Using the material below, print a verbatim copy of every line from the one containing "Цилиндр Cisa Astral" through the one containing "En el congreso", inclusive, and omit the pictures.

Segment Start: AVAILABLE RECORDS

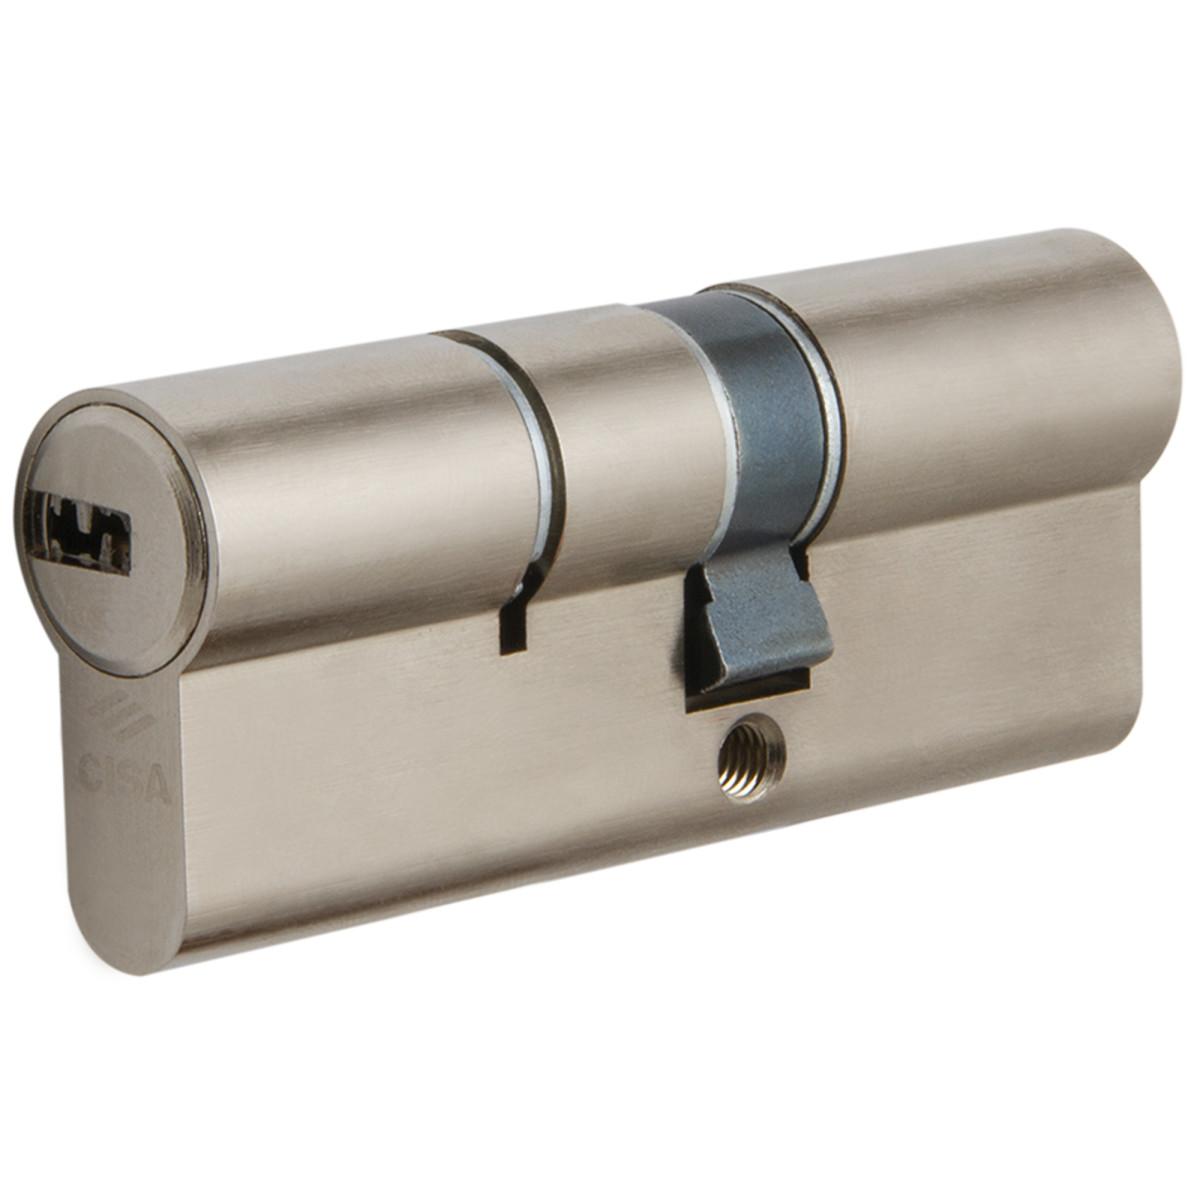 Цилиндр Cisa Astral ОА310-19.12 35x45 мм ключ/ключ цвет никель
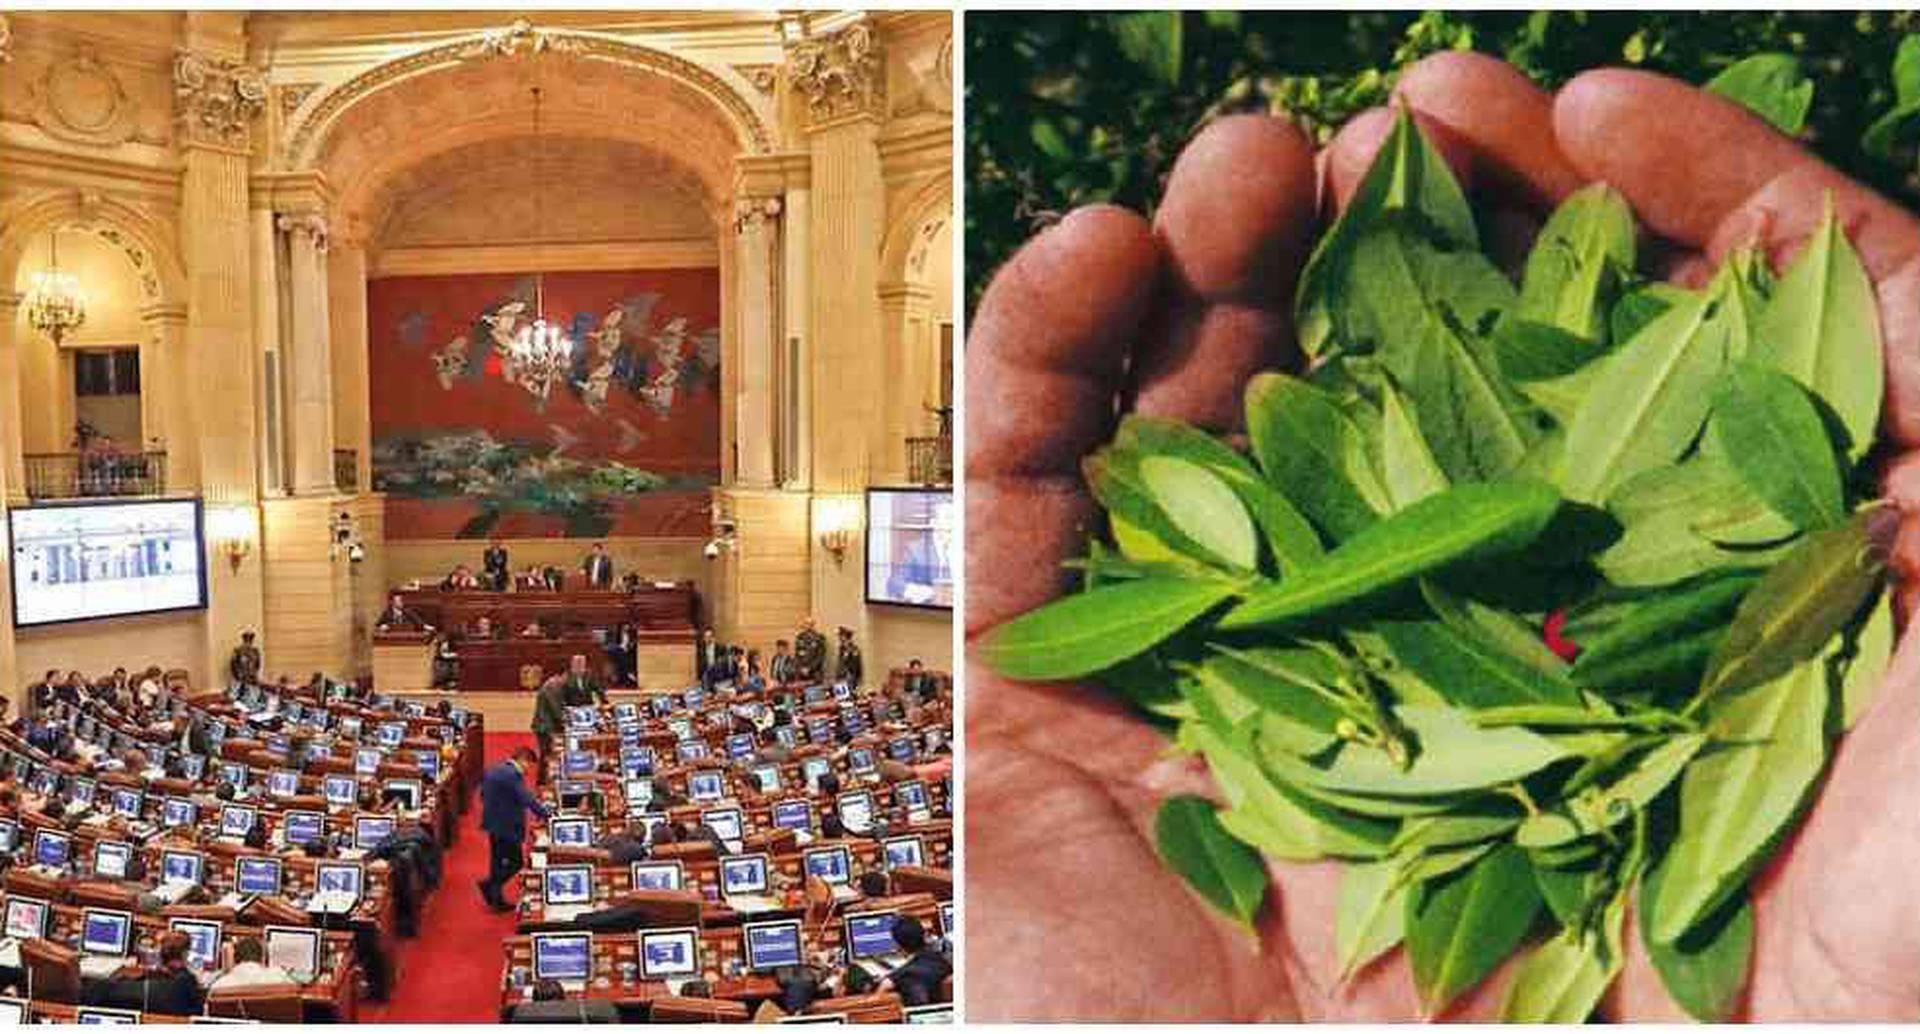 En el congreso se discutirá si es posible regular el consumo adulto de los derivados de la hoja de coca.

Segment End: AVAILABLE RECORDS
Segment Start: AVAILABLE RECORDS

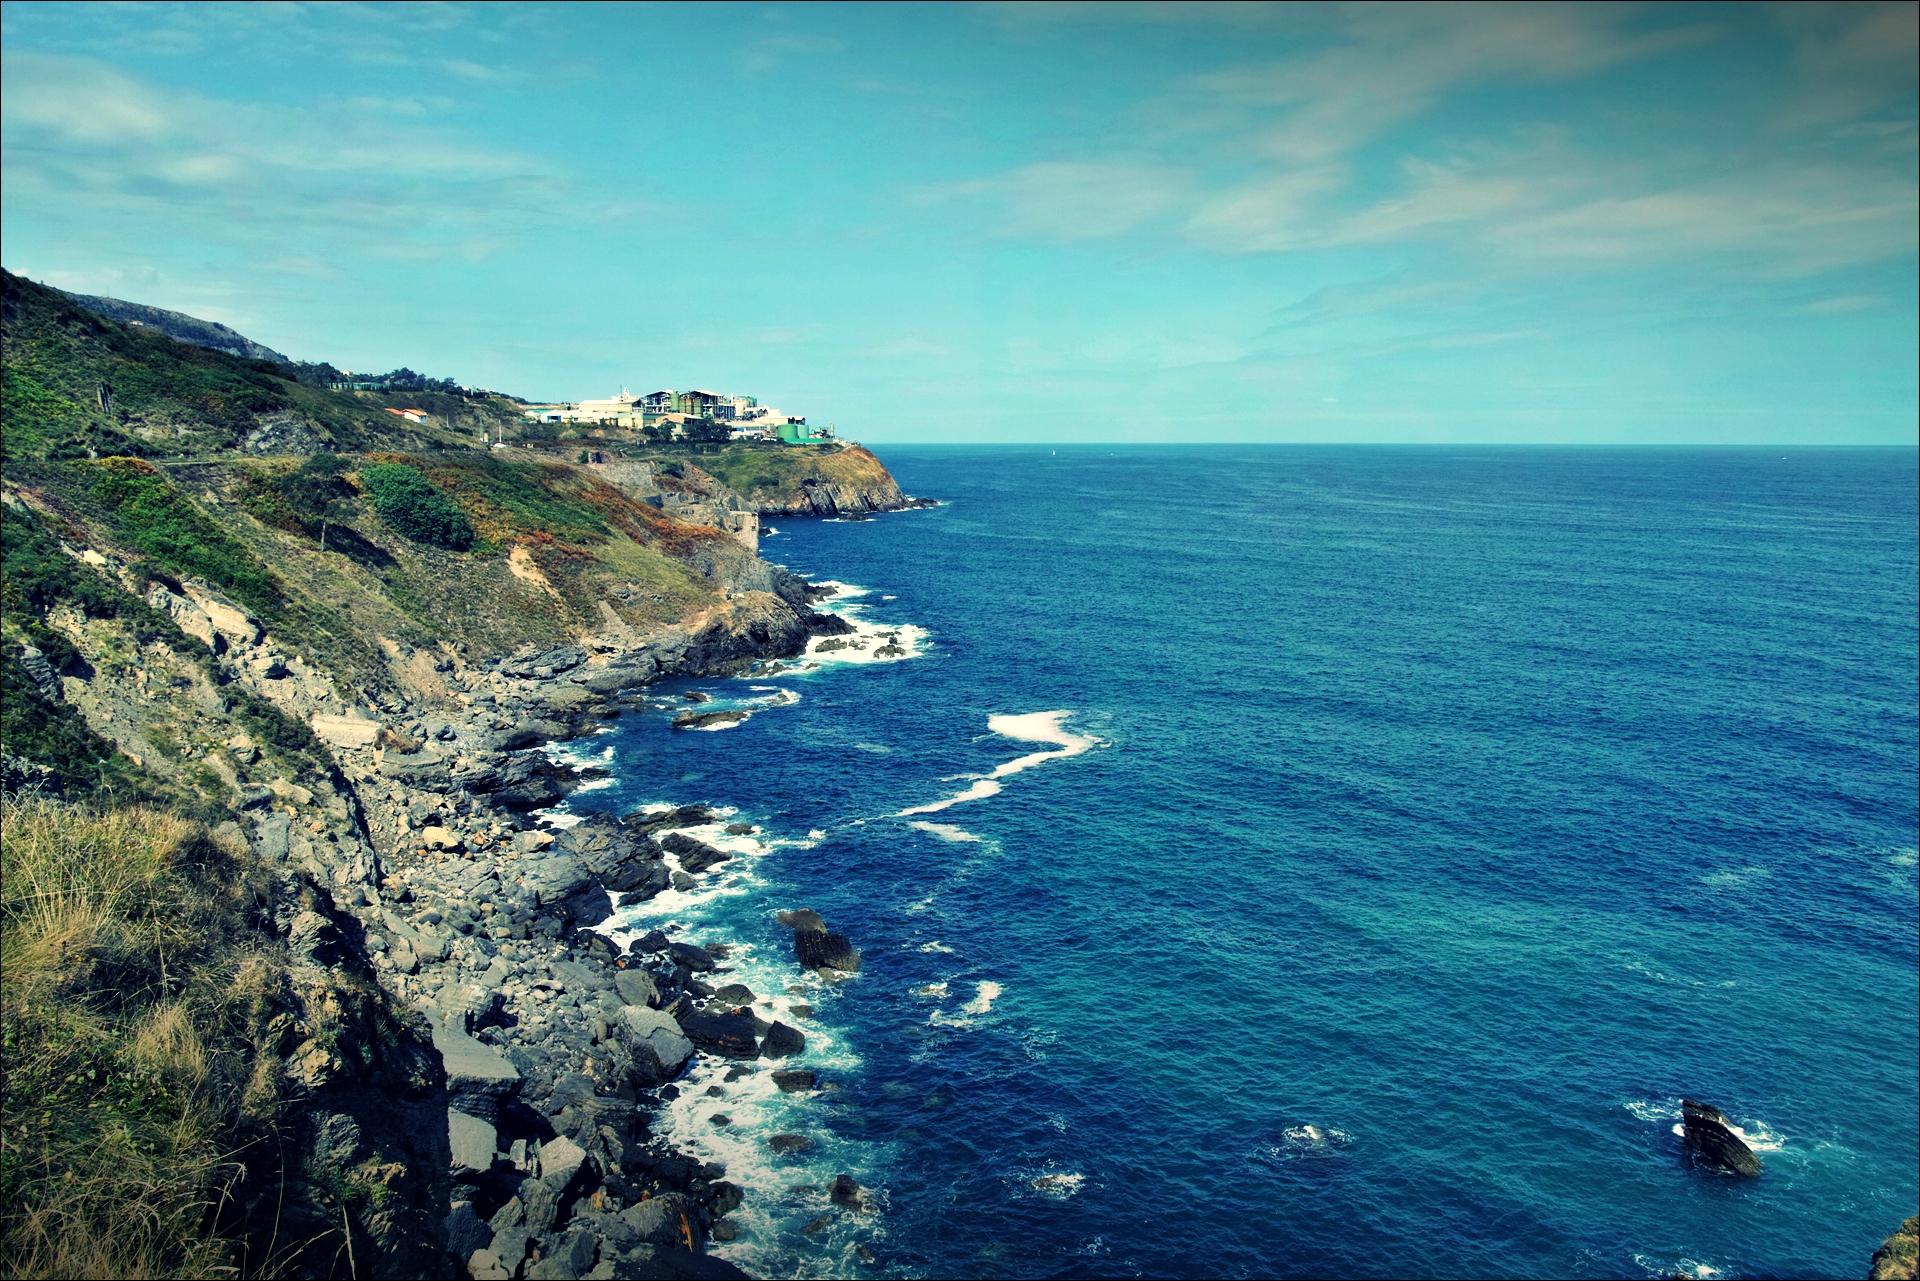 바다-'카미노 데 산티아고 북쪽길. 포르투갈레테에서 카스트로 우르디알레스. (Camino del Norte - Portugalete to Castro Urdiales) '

Segment End: AVAILABLE RECORDS

### EXERCISE RESPONSE
 Цилиндр Cisa Astral ОА310-19.12 35x45 мм ключ/ключ цвет никель
 En el congreso se discutirá si es posible regular el consumo adulto de los derivados de la hoja de coca.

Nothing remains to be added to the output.